▶ _Assigned task_: For this exercise, output the entries below exactly from the line that holds "MOST Fibre Optic" to the line that holds "Jessica Chastain, Mia", both ends included. No pictures belong in the copy.

▶ _Extracted material_:
★ ★ ★

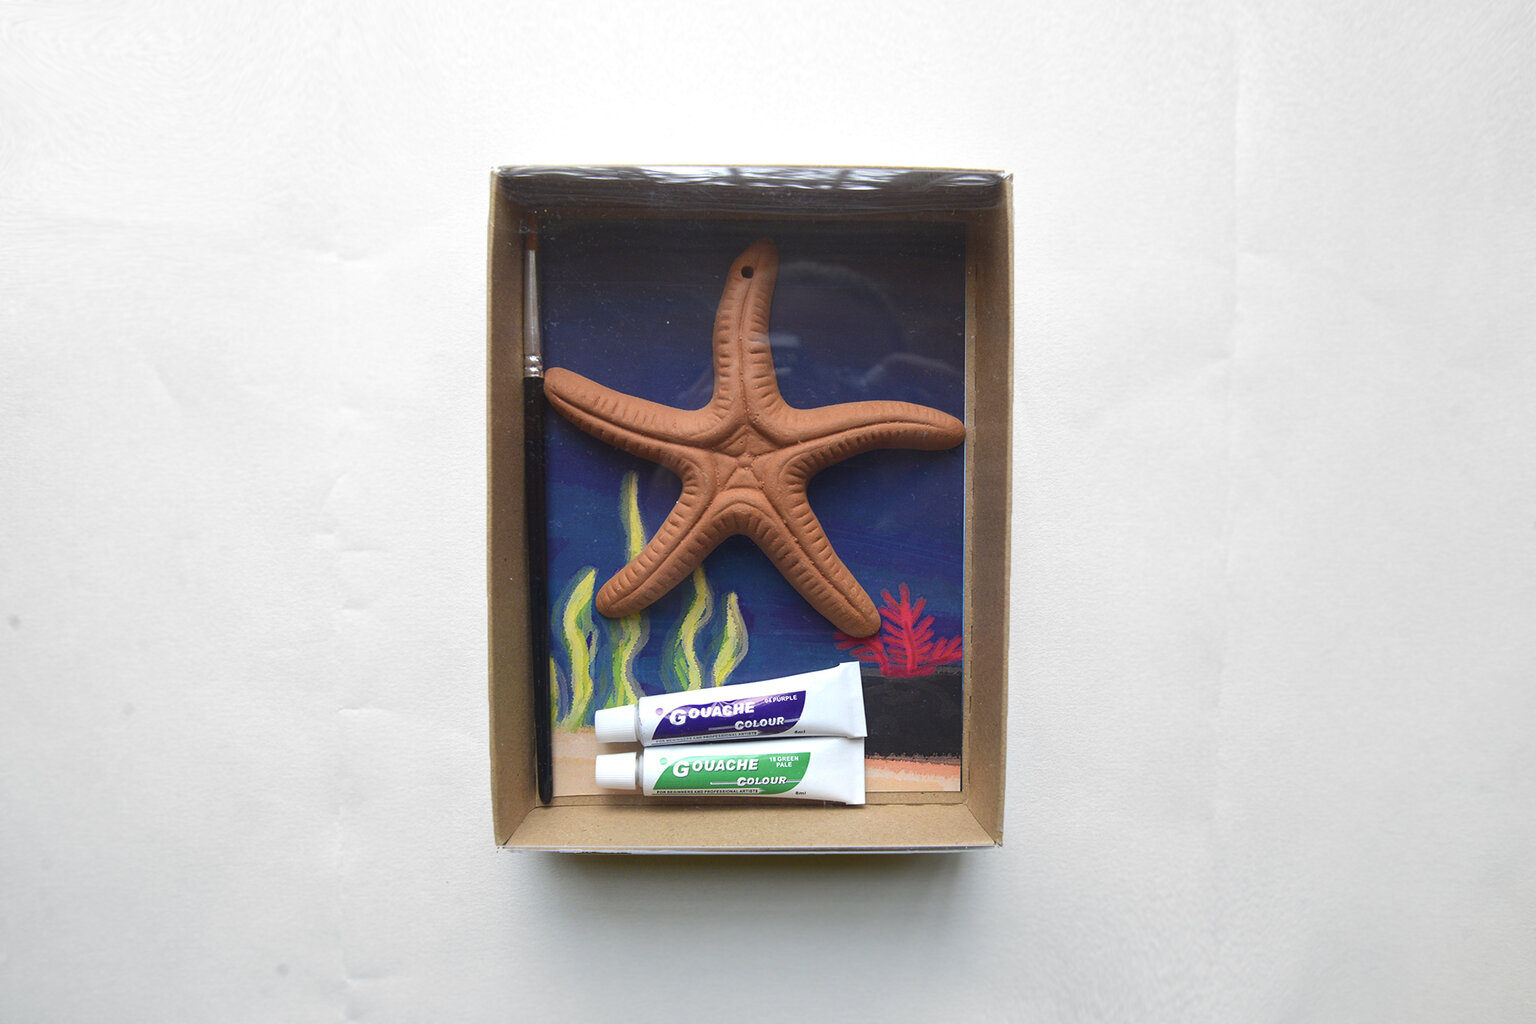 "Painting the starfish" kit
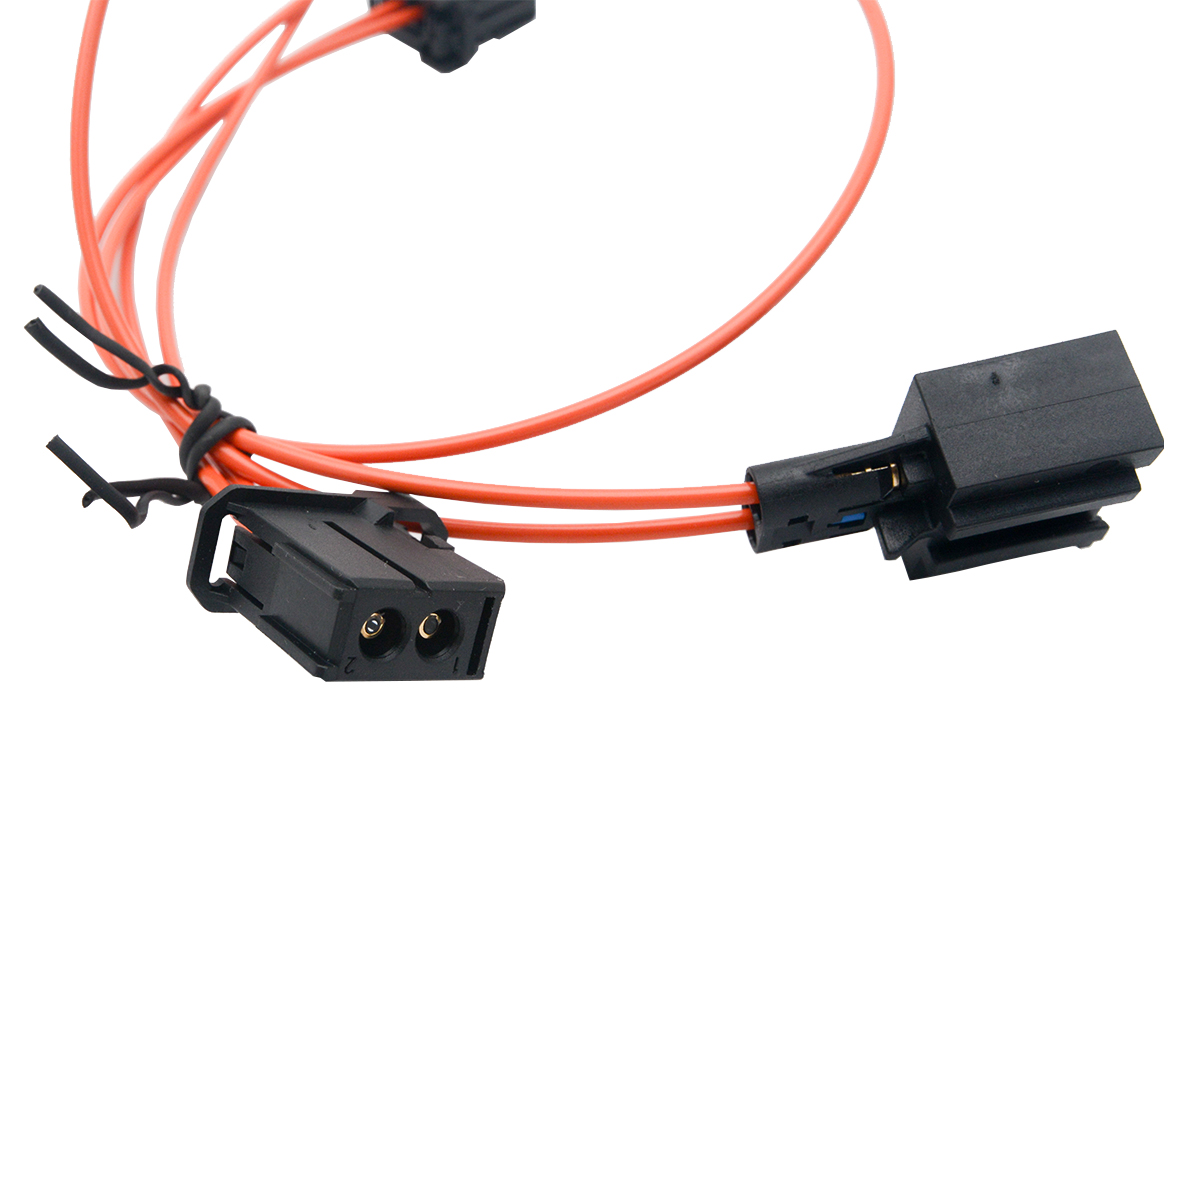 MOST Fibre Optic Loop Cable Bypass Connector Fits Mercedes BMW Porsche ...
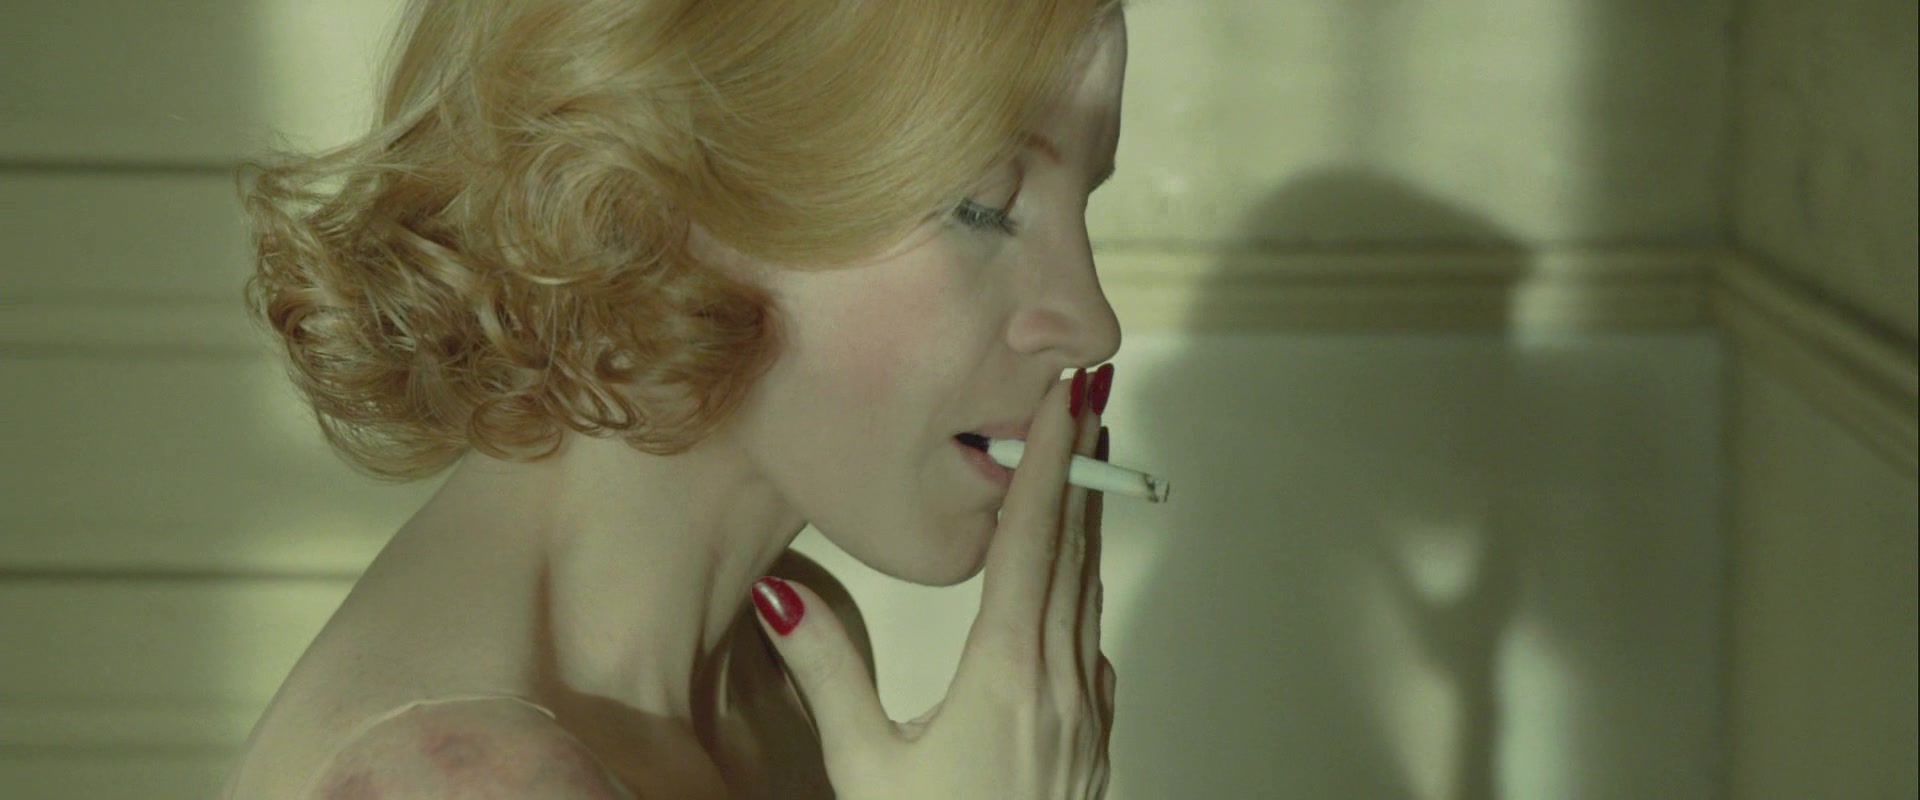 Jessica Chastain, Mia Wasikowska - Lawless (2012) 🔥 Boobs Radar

★ ★ ★

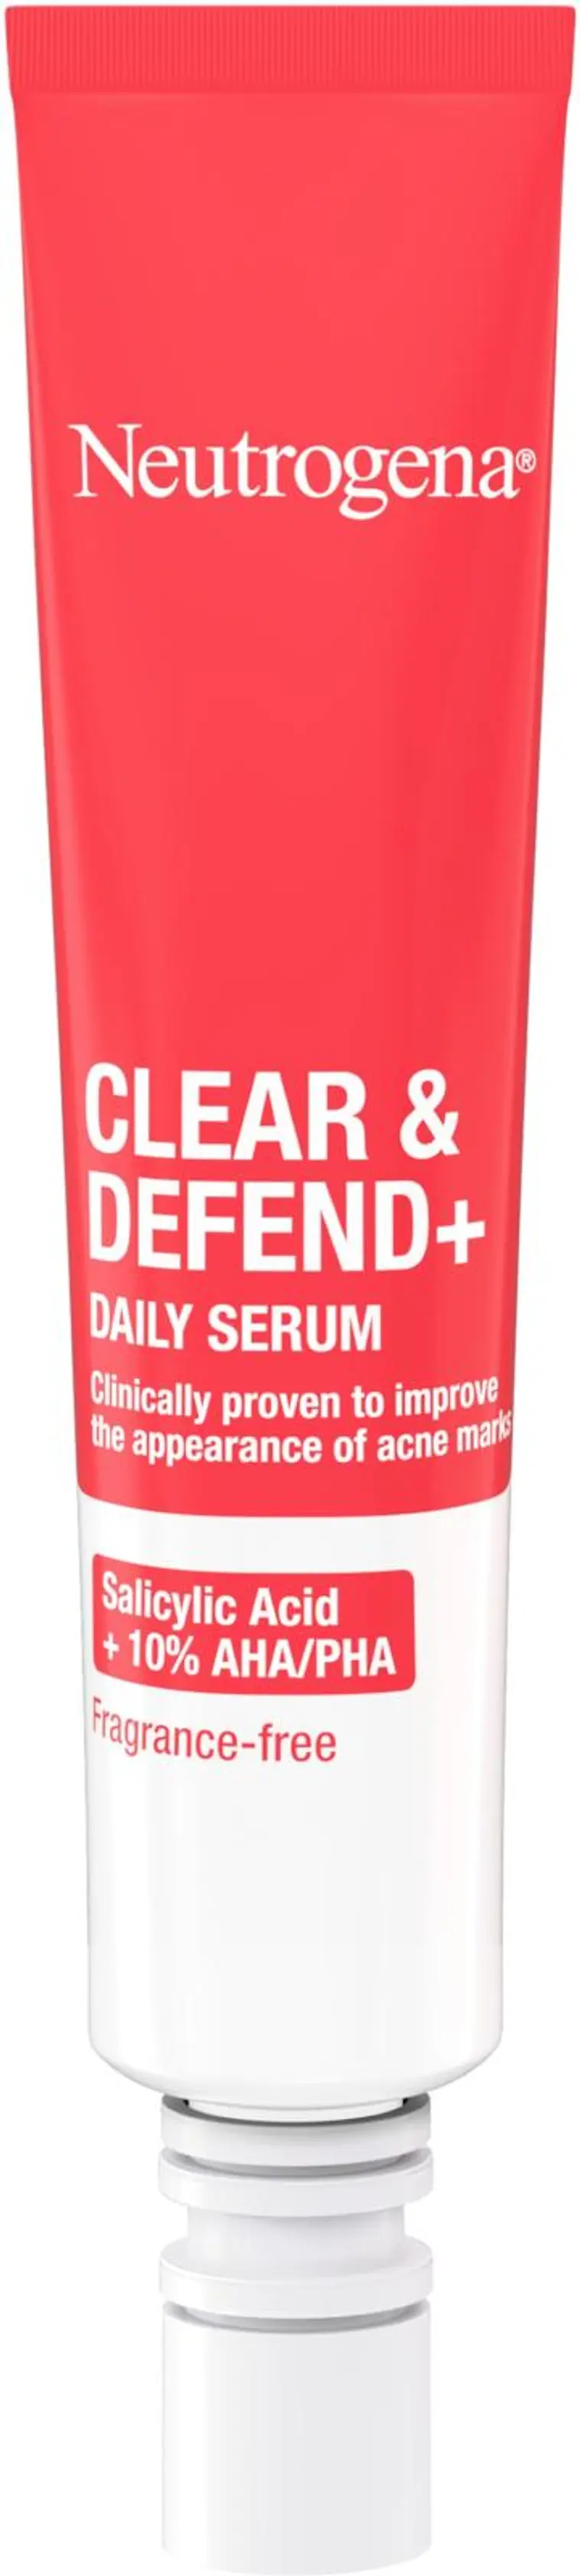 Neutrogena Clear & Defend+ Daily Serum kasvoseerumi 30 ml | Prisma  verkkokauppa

★ ★ ★

▶ _Answer for this exercise_:
 MOST Fibre Optic Loop Cable Bypass Connector Fits Mercedes BMW Porsche ...
 Jessica Chastain, Mia Wasikowska - Lawless (2012) 🔥 Boobs Radar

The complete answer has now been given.